Relapsed/refractory multiple myeloma (RRMM) is entering a new era, with newer immunotherapies improving outcomes and expanding what is possible for patients. Current CAR T-cell therapies and bsAbs are improving the depth and durability of response, and the next wave of innovation is aimed at making treatment more effective, safer, and more accessible.

The treatment for RRMM has radically changed over the last 2 decades, particularly over the last 2 to 3 years. When I started working with patients with MM more than 25 years ago, the expected survival was 1 to 2 years after diagnosis. We really only had 1 or 2 treatments at that time. Yet here we are, 25 years later, with an expected survival upwards of 10 years and approximately 20 new treatment options available. So, this has really transformed the way we think about this disease, moving it closer and closer to becoming a chronic—if not even curable—disease.

In the realm of RRMM, there has been an explosion of immunotherapy treatment options. Historically, there were very few options for these patients; the expected survival was short, and very intense regimens were used. The initial options were primarily monoclonal antibodies, but, more recently, CAR T-cell therapies and bsAbs have become available that engage a patient’s own immune system and do not require extensive or intensive therapy sessions. These 2 classes of agents have not only provided deeper and more durable responses but also allowed patients to have a more functional quality of life. Furthermore, ADCs have increased the portfolio of immunotherapy.

Of course, despite this incredible progress, many challenges remain. While current therapies are significantly more efficacious than those we have had in the past, MM remains incurable, and most patients eventually experience relapse or disease progression. CAR T-cell therapies and bsAbs also come with their own challenges, including novel toxicities such as cytokine release syndrome, neurological toxicities, and infections. ADCs also come with eye-related side effects. Although we have come a long way in improving these, treatment-related adverse events remain a significant challenge.

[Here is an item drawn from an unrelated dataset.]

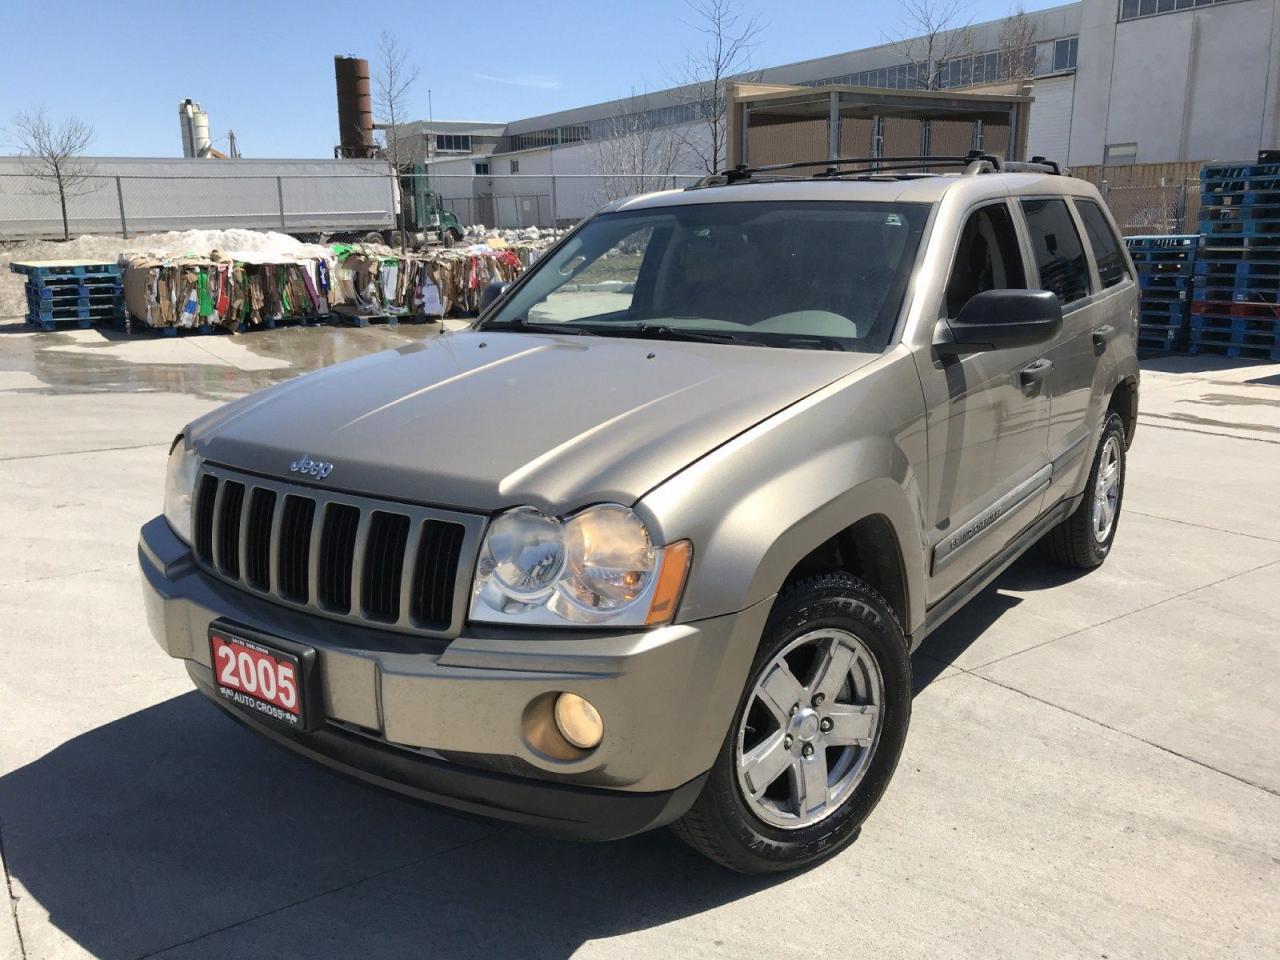 2005 Jeep Grand Cherokee 4x4, Leather Sunroof, Auto, Low km

As we look beyond the targets that we are currently leveraging, novel antigen targets such as GPRC5D and FCRH5 may help overcome some of the efficacy limitations that we observe with current BCMA-directed therapies, including treatment resistance and disease relapse. We also continue to gain experience in mitigating and managing toxicities, and the next wave of immunotherapies currently in development is making safety a priority. However, several questions remain. Can we develop a safer CAR T-cell therapy that is just as effective? Can we advance in vivo CAR T-cell or allogeneic CAR T-cell approaches that help improve patient access? Can we develop antibodies with improved bispecific- or even trispecific-targeting activity with less off-target activity to enhance efficacy, reduce toxicity, lower infection risk, and reduce the overall treatment burden for patients with RRMM? These are the things that we are seeking to achieve as we evolve immunotherapy options in this space.

I think the take-home message is that the immunotherapies CAR T-cell therapy, bsAbs, and ADCs have dramatically improved the outcomes of patients with RRMM from an efficacy and safety standpoint, and they only stand to improve with continued research and development efforts.